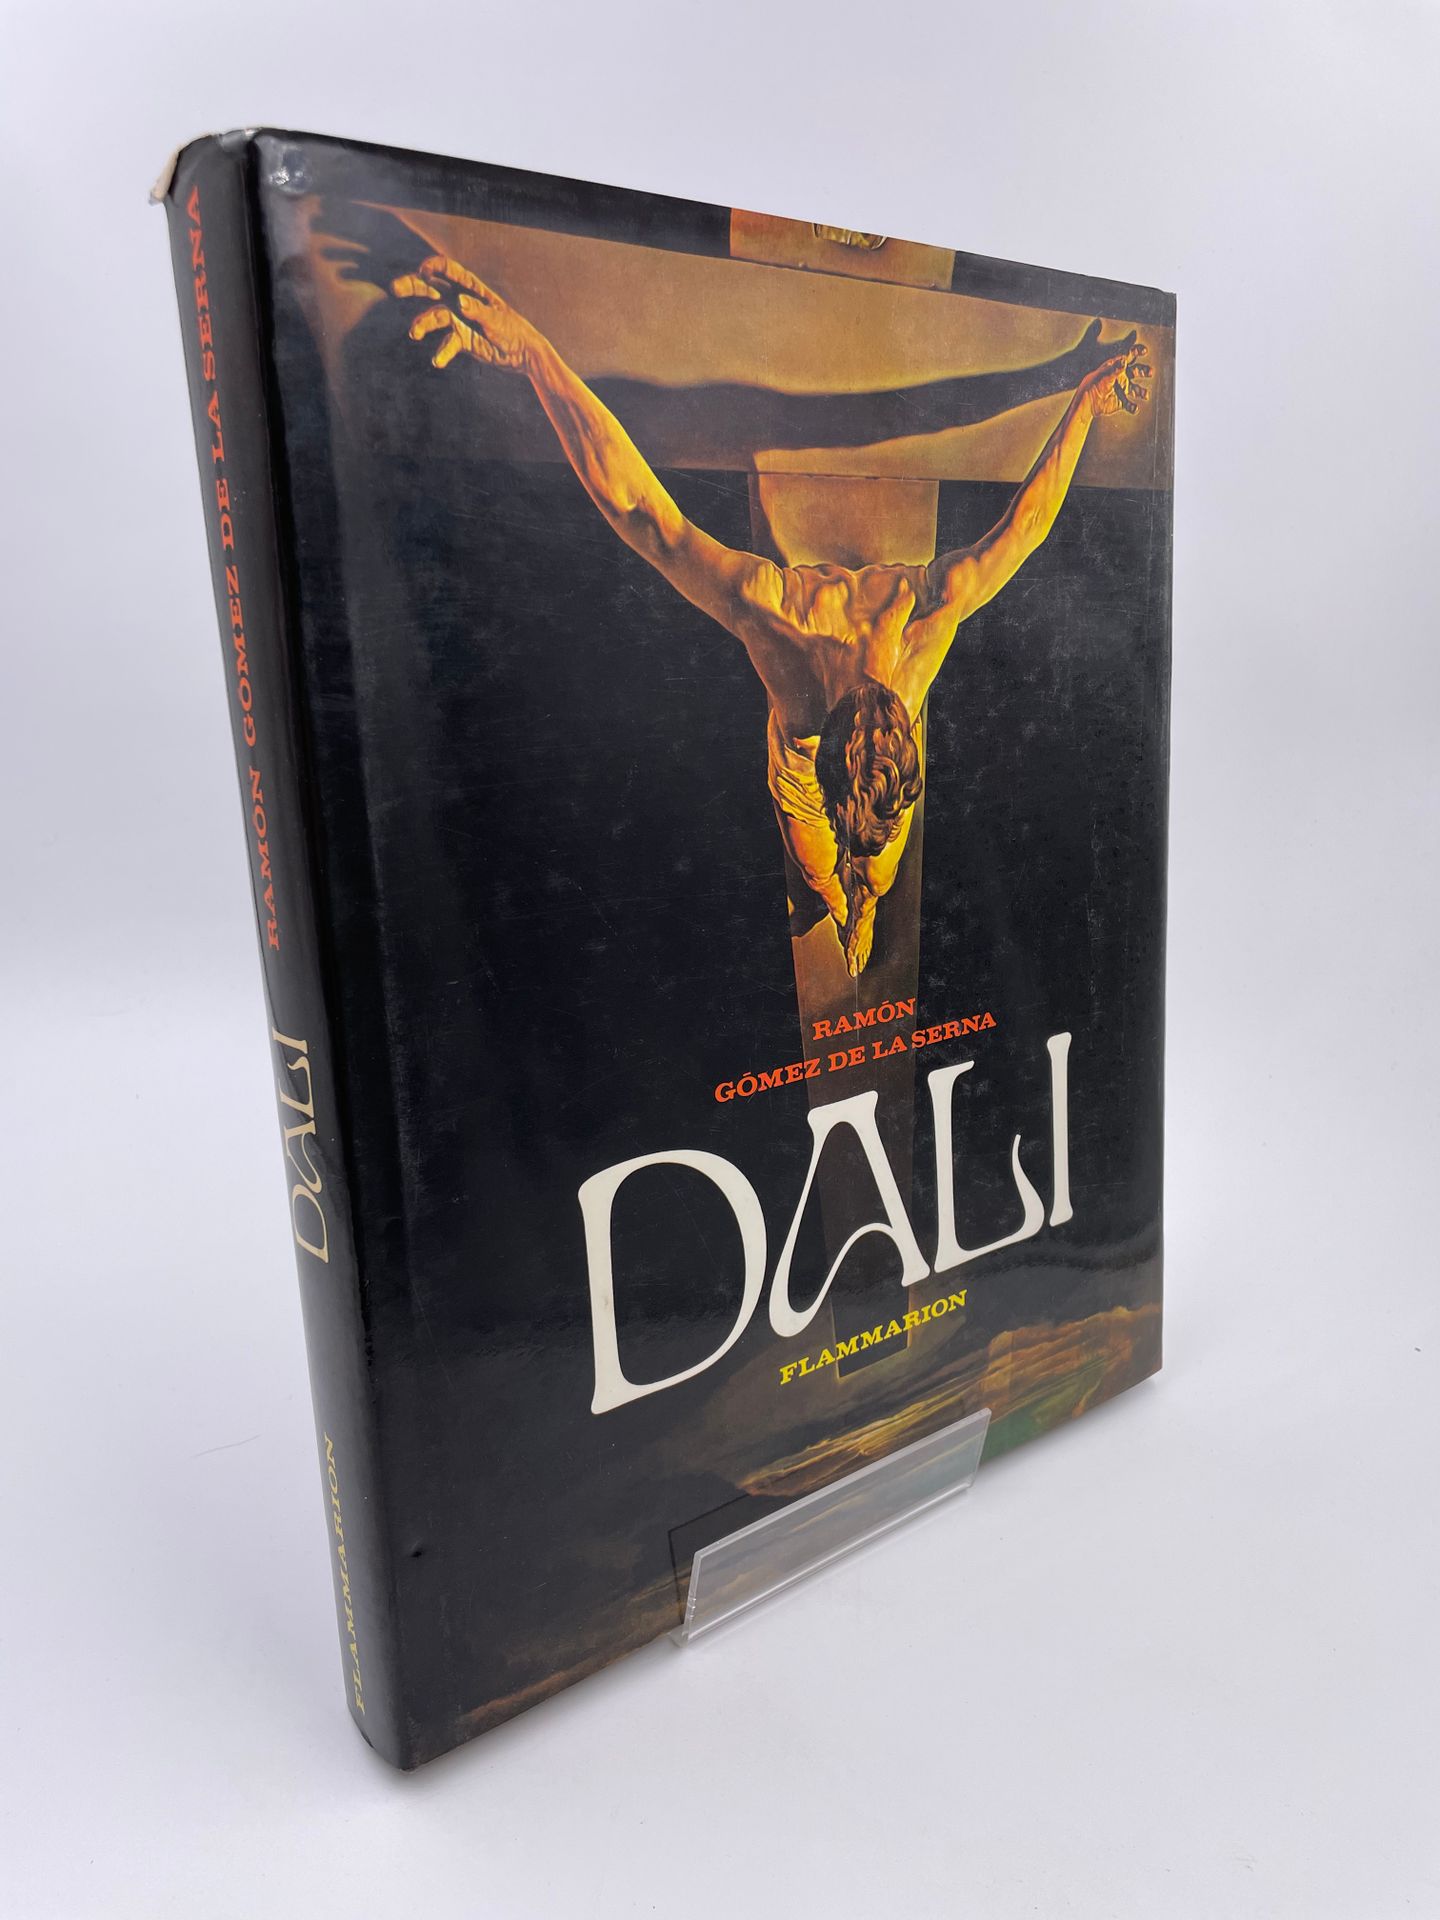 Null 1 Volume : "Dali", Ramon Gomez de la Serna, Ed. Flammarion, 1979

"DÉLIVRAN&hellip;
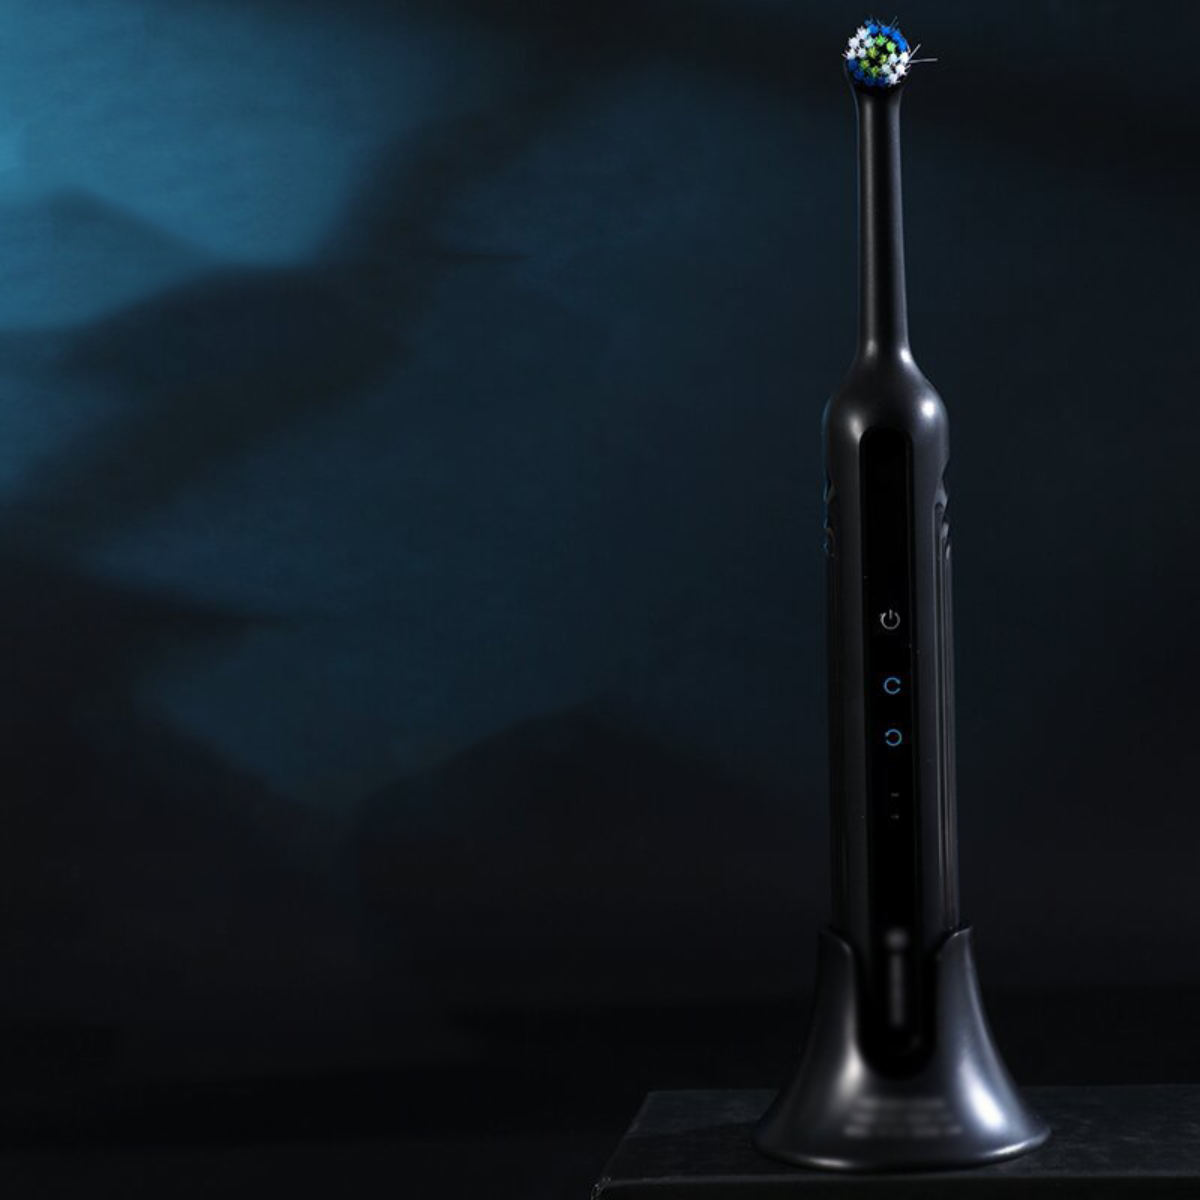 LACAMAX Elektrische Zahnbürste, 360° Drehkopf, mehrere Wasserdicht und in Leise Zahnbürste Schwarz Richtungen, Reinigung Elektrische
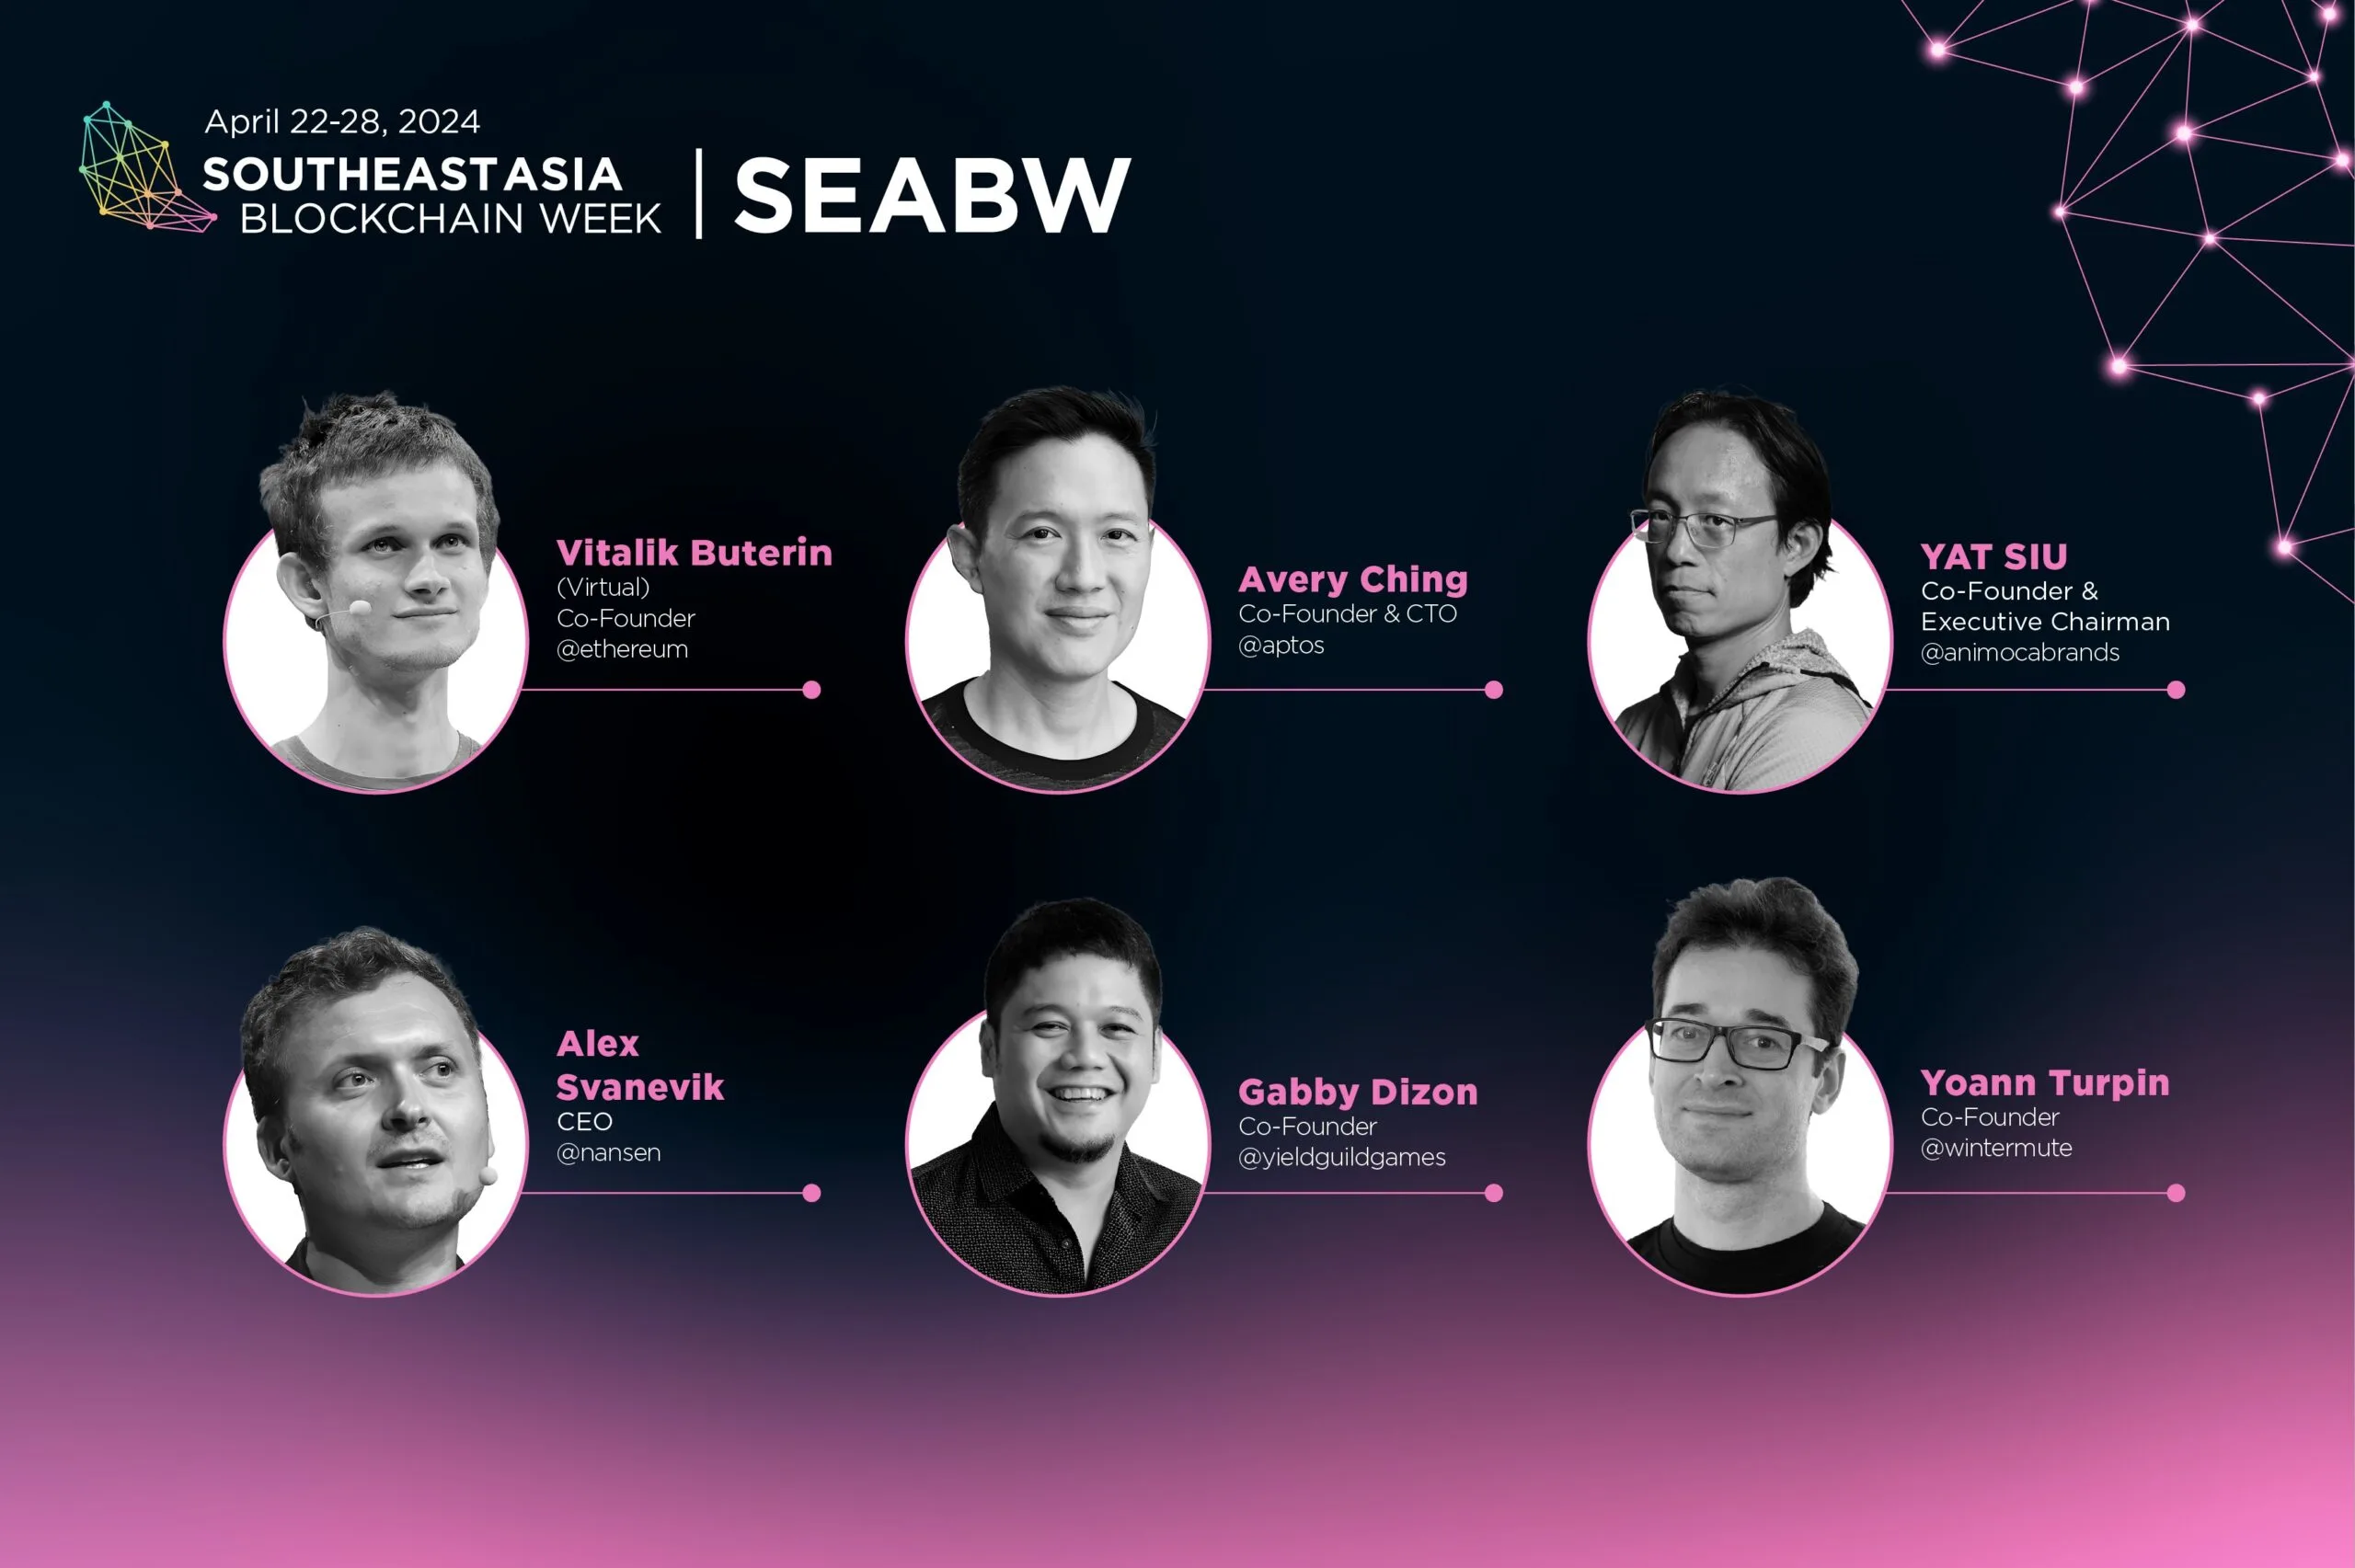 以太坊创始人 Vitalik 和 Aptos 联合创始人 Avery Ching 将出席 SEABW2024

REQUIRED WORK:
All of the material above should be written out exactly as given, minus any images.

OUTPUT OF THE TASK:
 Null 1 Volume : "Dali", Ramon Gomez de la Serna, Ed. Flammarion, 1979

"DÉLIVRAN&hellip;
 LACAMAX Elektrische Zahnbürste, 360° Drehkopf, mehrere Wasserdicht und in Leise Zahnbürste Schwarz Richtungen, Reinigung Elektrische
 以太坊创始人 Vitalik 和 Aptos 联合创始人 Avery Ching 将出席 SEABW2024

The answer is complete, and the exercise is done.